◆ **Task statement**
You are asked to reproduce the listing exactly and to omit its pictures.

Information provided below:

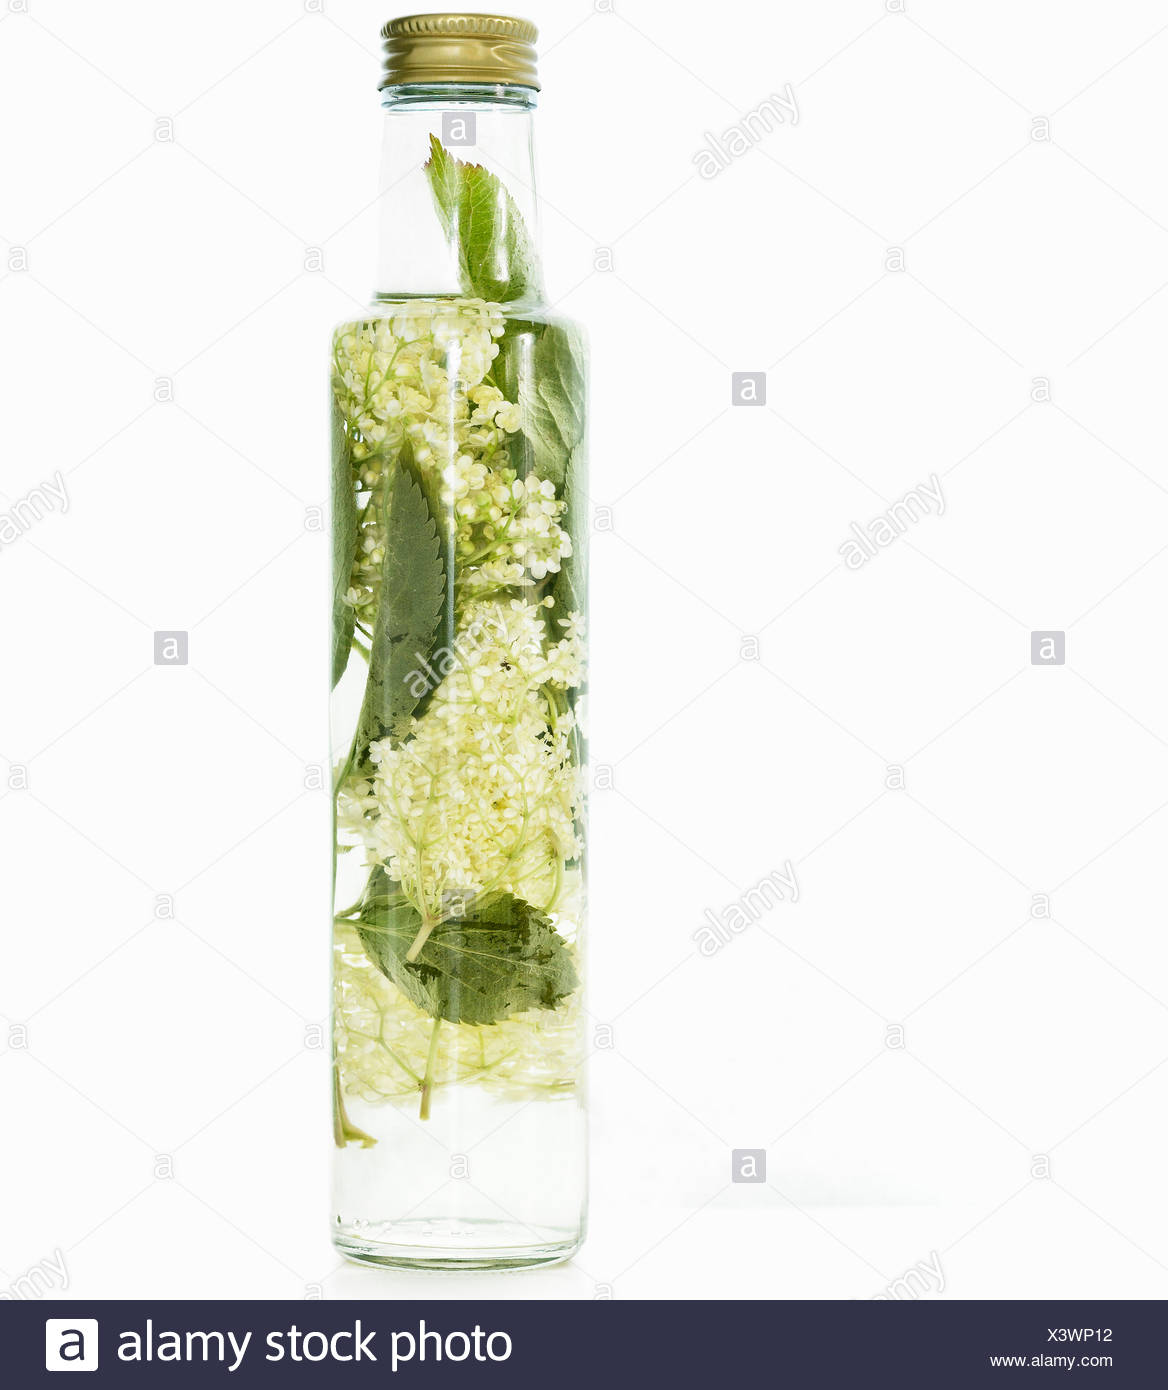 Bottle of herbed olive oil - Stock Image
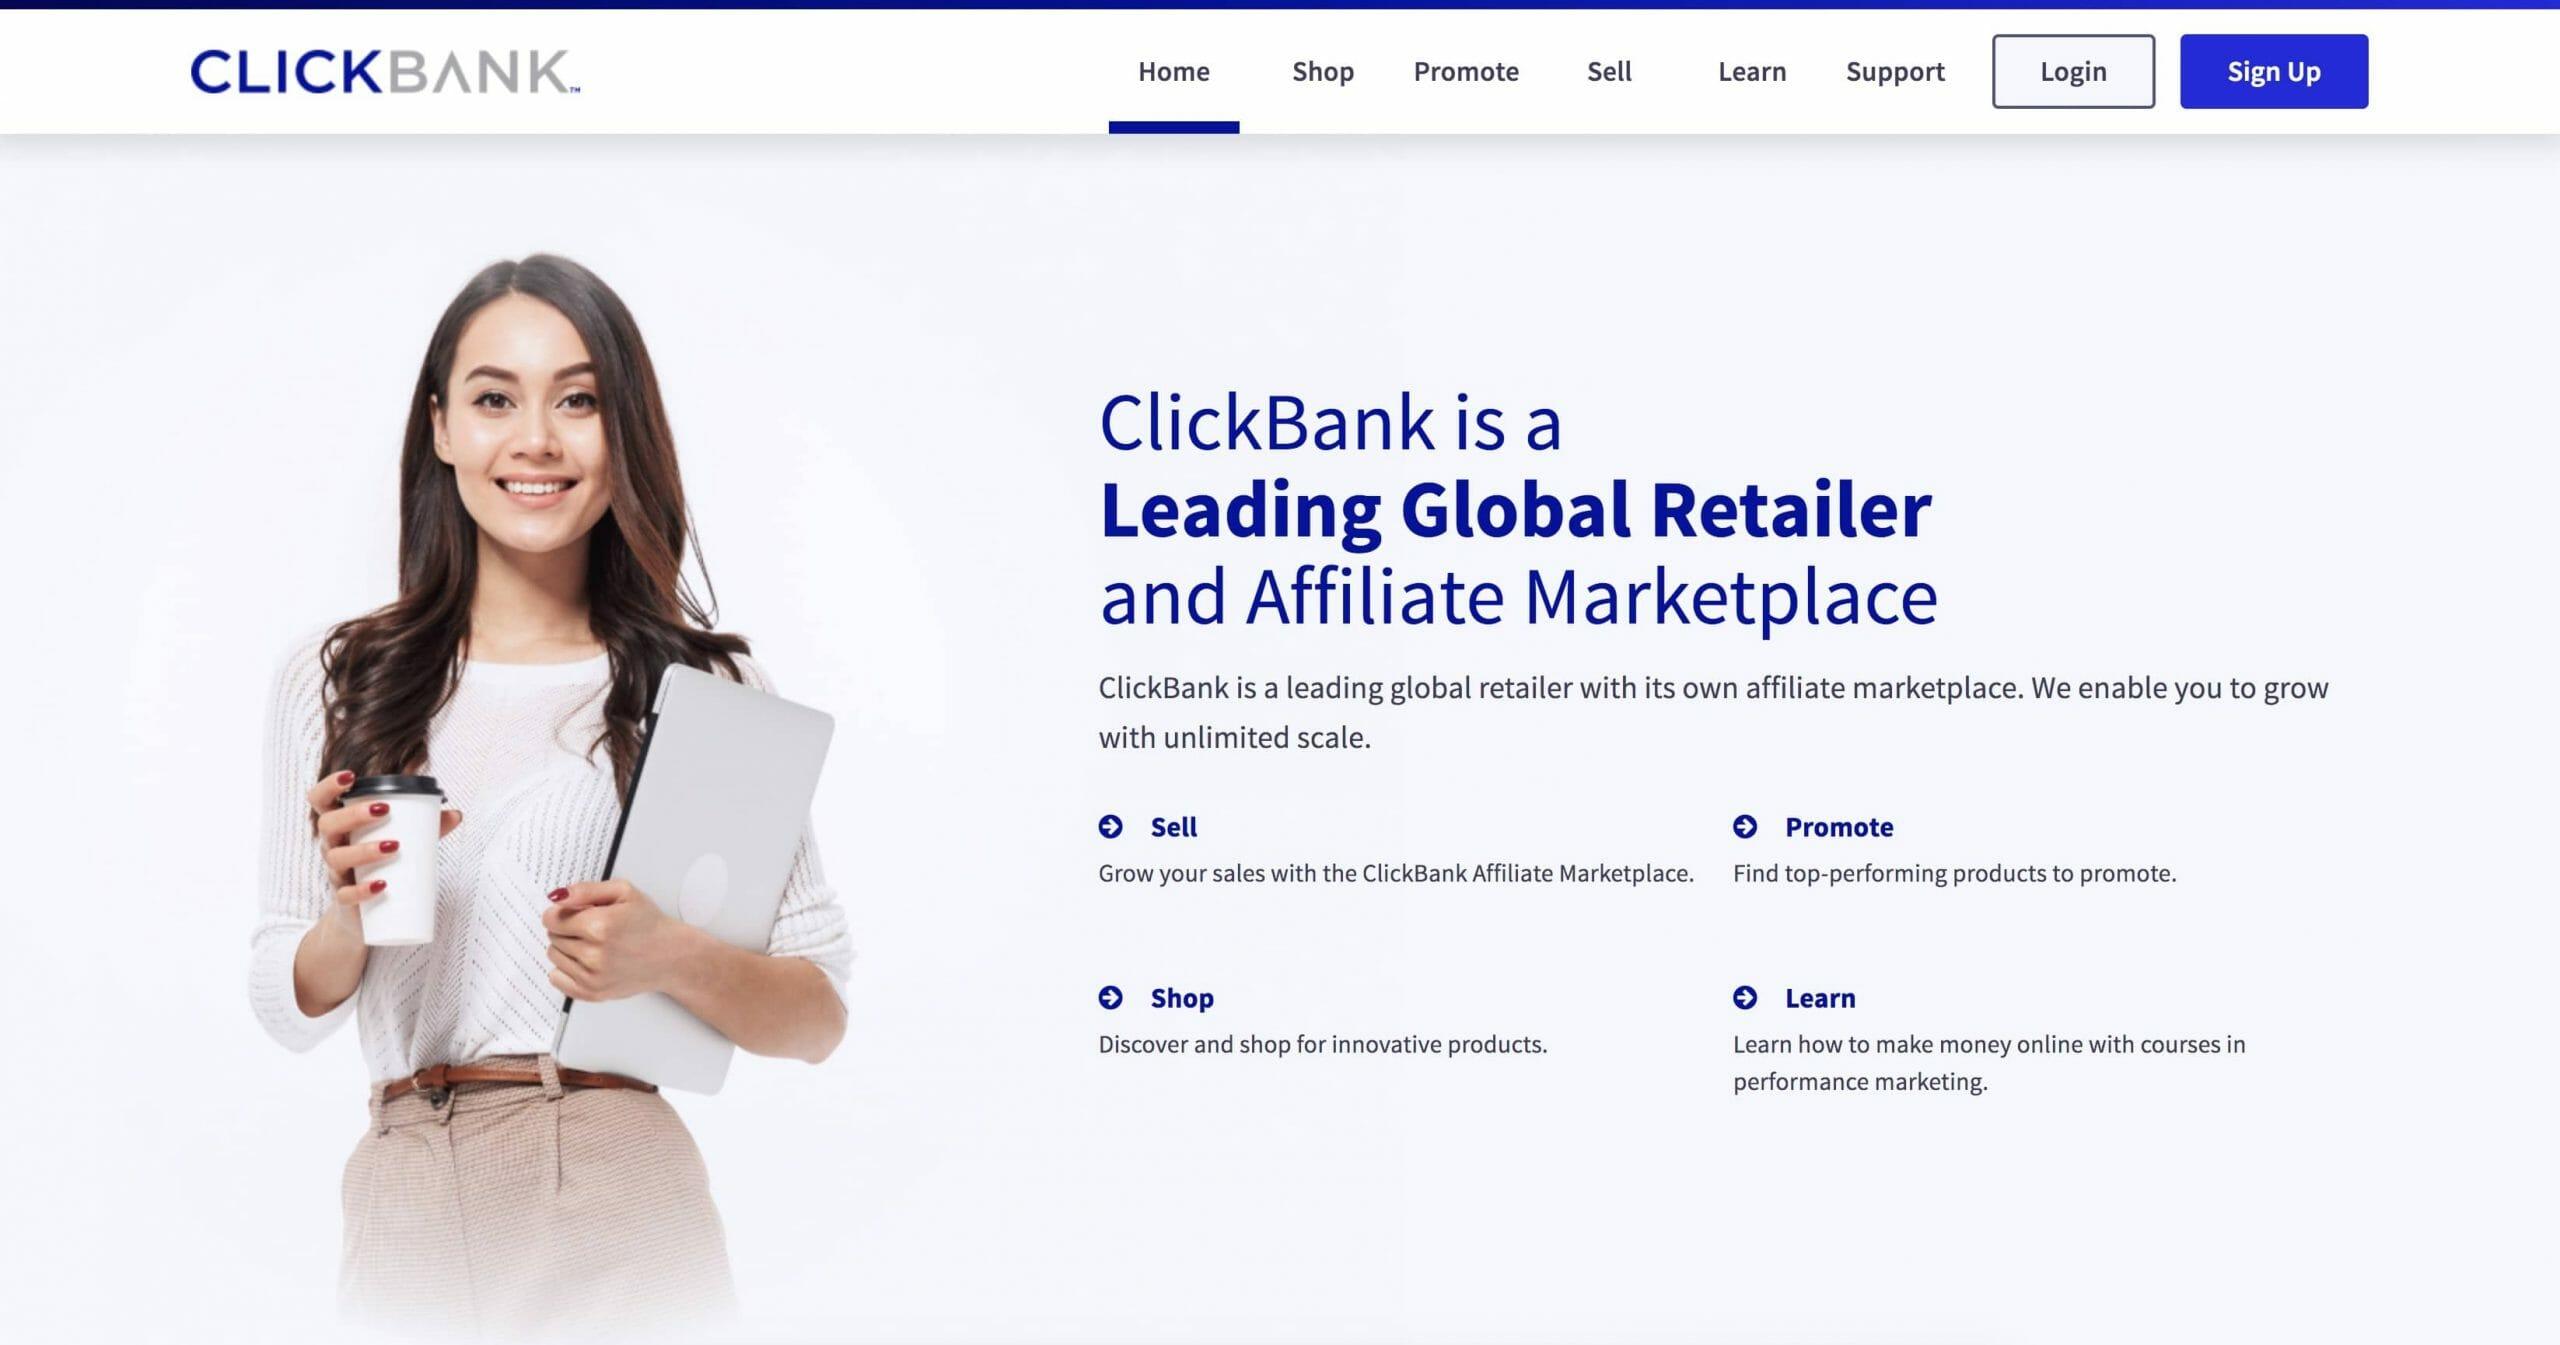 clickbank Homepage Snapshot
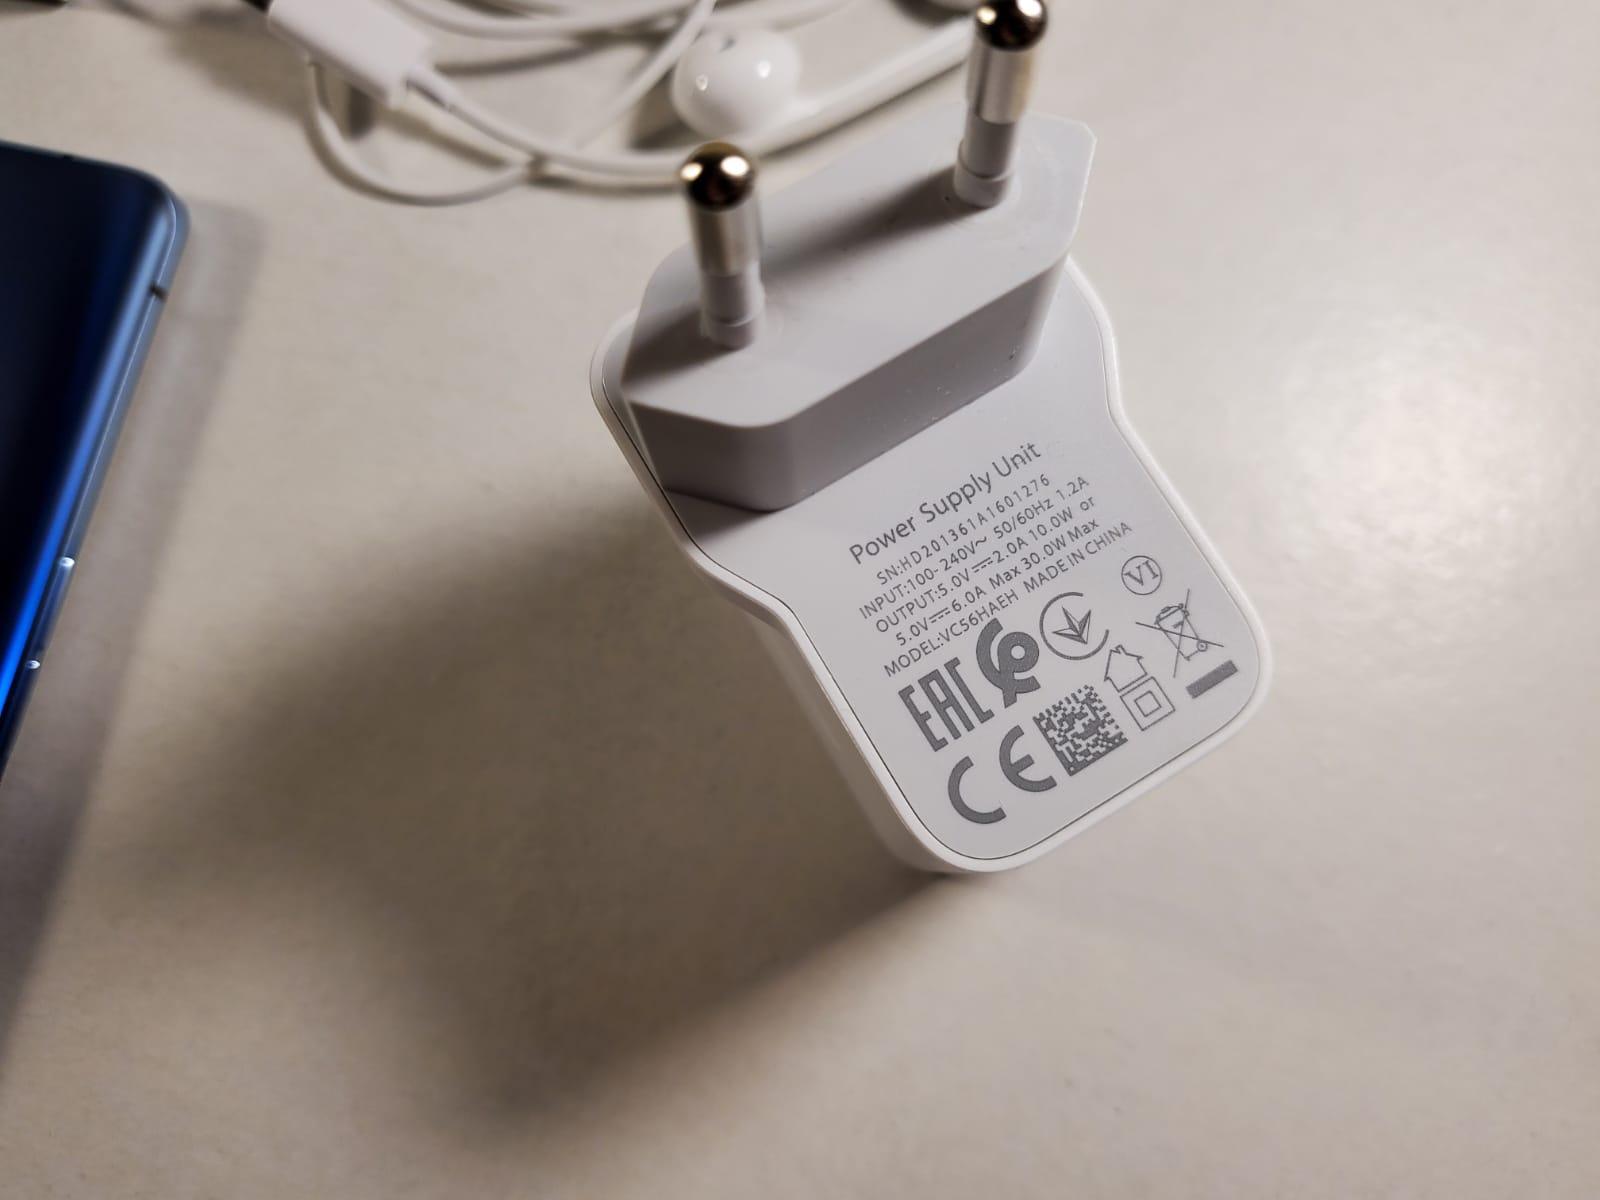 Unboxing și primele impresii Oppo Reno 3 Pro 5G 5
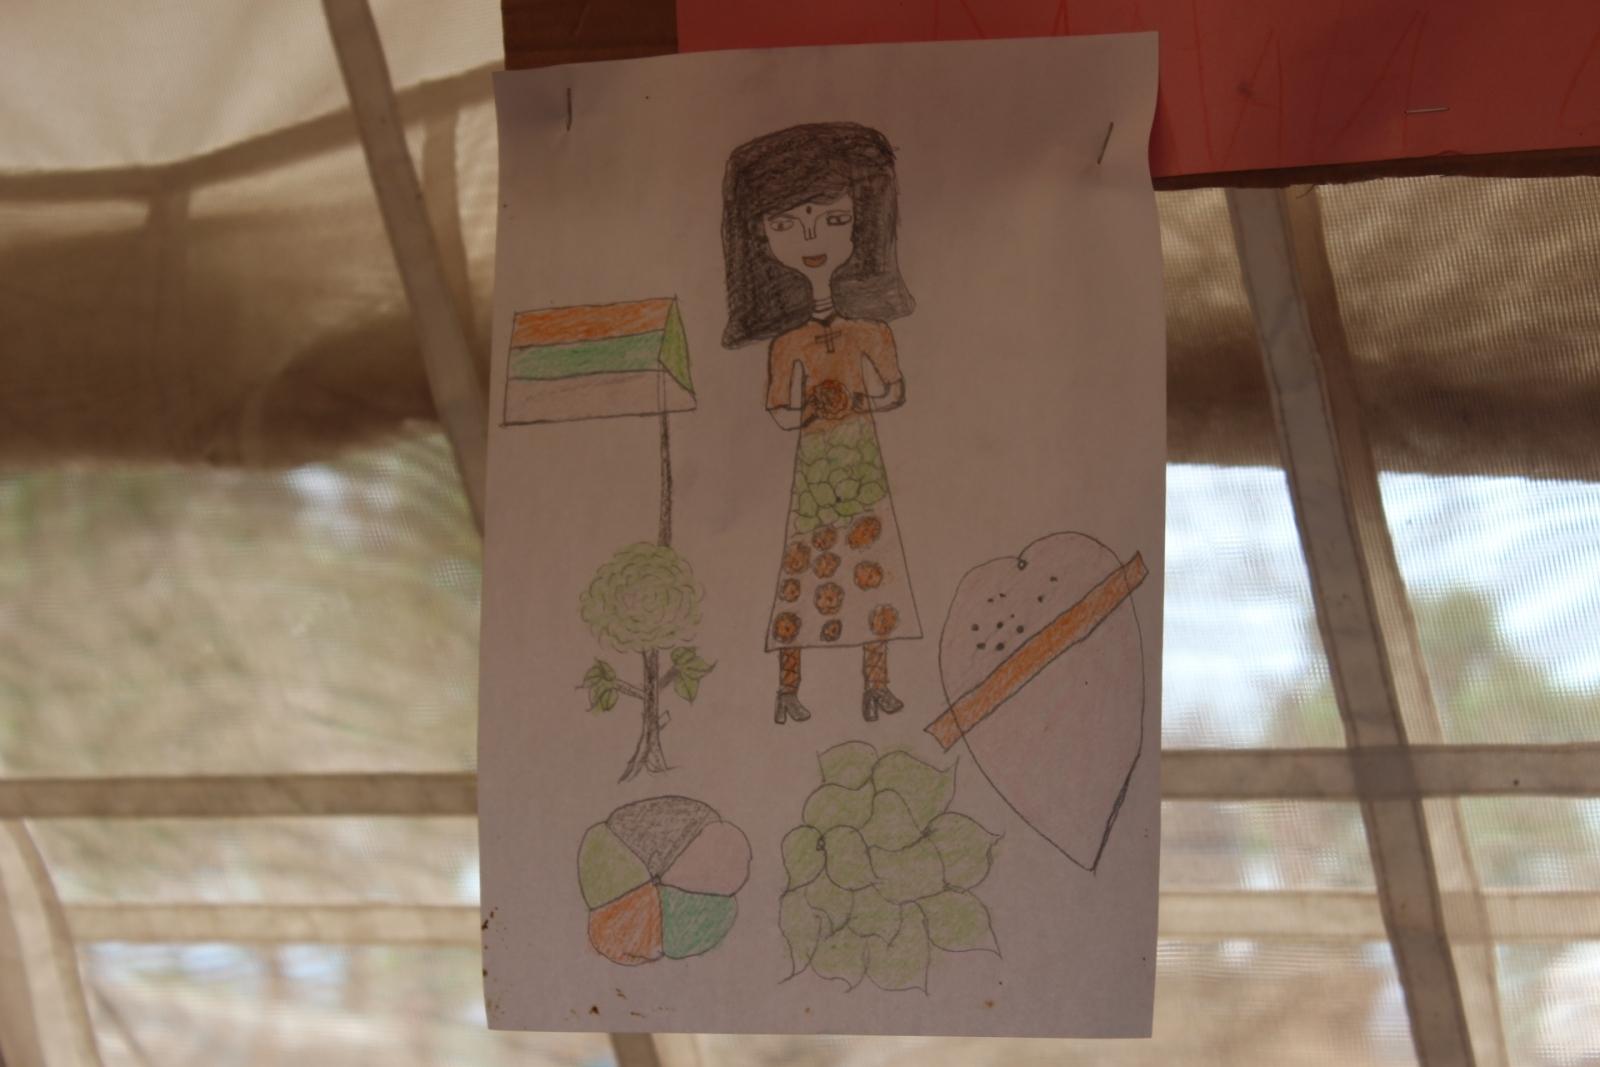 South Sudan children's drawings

End of Information provided.

◆ **Result**
 Bottle of herbed olive oil - Stock Image
 clickbank Homepage Snapshot
 Unboxing și primele impresii Oppo Reno 3 Pro 5G 5
 South Sudan children's drawings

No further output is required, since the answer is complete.